Fermeture d’hôpitaux : rumeurs ou réalités ?
par Jean-François Steiert, vice-président de la Fédération suisse des patients
« J’ai lu dans le « matin » de dimanche dernier que les grandes caisses-
maladies on des projets de réduction massive du réseau hospitalier en Suisse,
et notamment dans le canton de Fribourg. J’ai toujous cru que les cantons
étaient compétents pour leurs hôpitaux et que les caisses-maladies n’étaient
que les payeurs pour les assurés. Qu’en est-il vraiment, et quel est le risque de
fermeture d’hôpitaux ? »
L’article de presse que vous citez découle de déclarations faites par le patron de la
plus grande caisse-maladie suisse, la compagnie Helsana.
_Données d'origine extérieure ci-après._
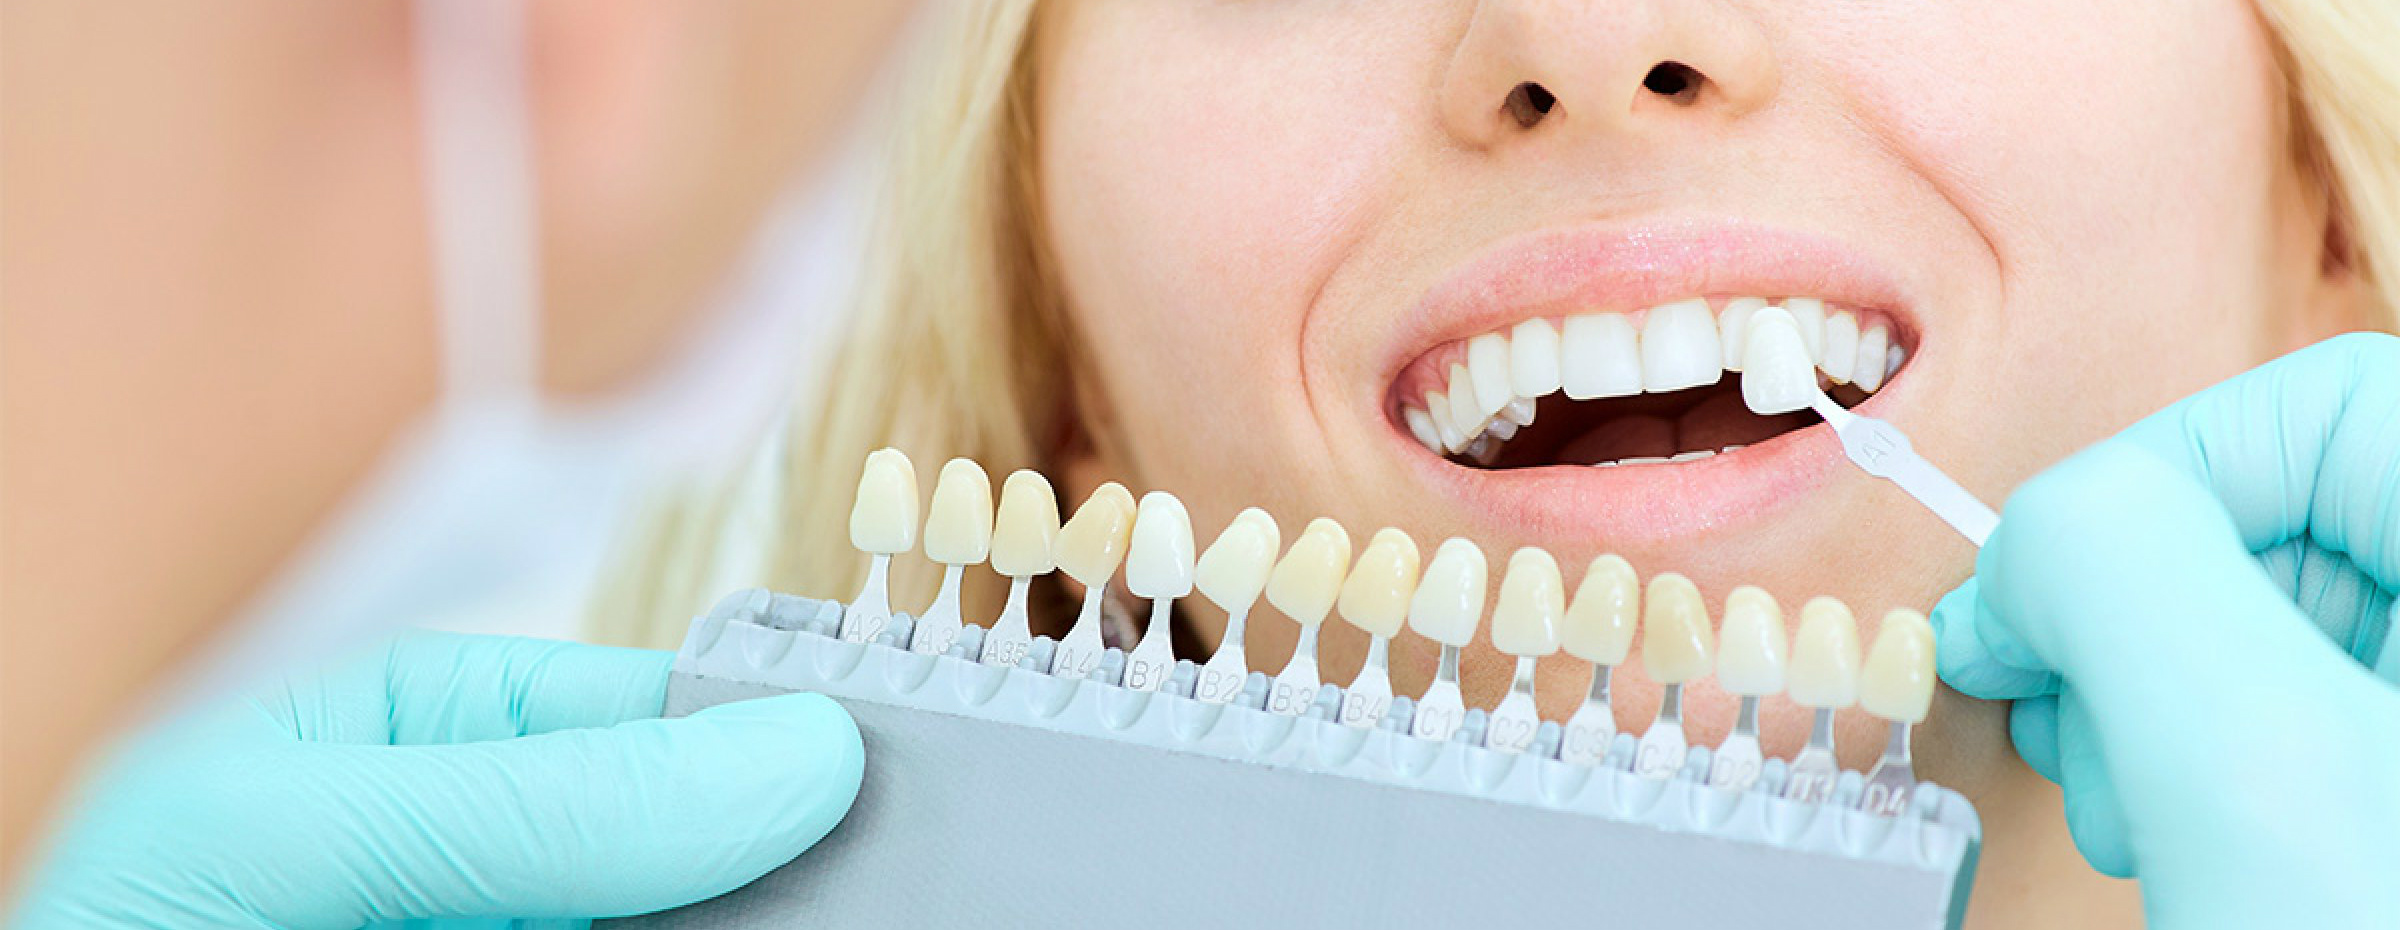 Эстетическая реставрация зубов в нашей стоматологии

M. Manser a annoncé
dans la presse alémanique qu’il fallait à terme fermer quelque 250 hôpitaux dans
notre pays (sur environ 300), en invoquant des critères de qualité et d’économicité.
Certes, la planification hospitalière est l’affaire des cantons, mais les assureurs
interviennent à plusieurs titres dans les choix de planification hospitalière : ils
négocient des conventions avec les prestataires et peuvent, dans le cadre de ces
négociations, exercer une pression à la restructuration; c’est ainsi que santé suisse
Fribourg a joué un rôle important dans la pression exercée sur l’hôpital de Meyriez.
Comment contourner la loi
D’autre part, les assureurs peuvent chercher à influencer les décisions politiques en
intervenant sur les choix des assurés, notamment en ce qui concerne les assurances
privées (complémentaires) ; c’est ainsi qu’Helsana a déclaré publiquement vouloir
conclure avec 50 hôpitaux privilégiés des contrats de partenariat qui assureront, en
premier lieu aux assurés privés d’Helsana, des prestations particulières ; en aiguillant
vers des hôpitaux privilégiés une partie de ses assurés – essentiellement les assurés
privés, pour lesquels de nombreuses règles de protection du patient fixées dans la loi
fédérale sur l’assurance-maladie ne sont pas entièrement valables. l’assureur a la
possibilité d’influencer le flux des patients vers les hôpitaux et ainsi, de manière
indirecte, la planification hospitalière. En procédant de la sorte, Helsana n’enfreint
pas la loi, mais la contourne. Tout en prétendant être les représentants des assurés,
les assureurs cherchent ainsi à restreindre massivement l’offre hospitalière en évitant
tout débat démocratique. Cette attitude devient encore plus problématique lorsque
l’on peut prendre connaissance de la liste des 30 premiers hôpitaux – sur 50 au
maximum – avec lesquels Helsana a conclu des contrats : en Suisse romande, il n’y
a aucun hôpital fribourgeois, neuchâtelois, jurassien ou valaisan. Le porte-parole
d’Helsana nous console en expliquant que, dans les vingt derniers hôpitaux à
rejoindre la liste, il y aura certainement encore de la place pour ces cantons. C’est
peut-être vrai, mais comme il y a aussi une bonne dizaine de cantons alémaniques
sans hôpital sur la liste d’Helsana, il reste au plus une place pour le canton de
Fribourg. La pression des caisses-maladie sur le système hospitalier va s’accroître
ces prochaines années ; une première manière d’y mettre un frein et d’assurer des
choix démocratiques sur la planification hospitalière, c’est de dire non, le premier
juin, à l’article constitutionnel sur la santé qui veut donner plus de pouvoir encore aux
assureurs en matière de planification hospitalière.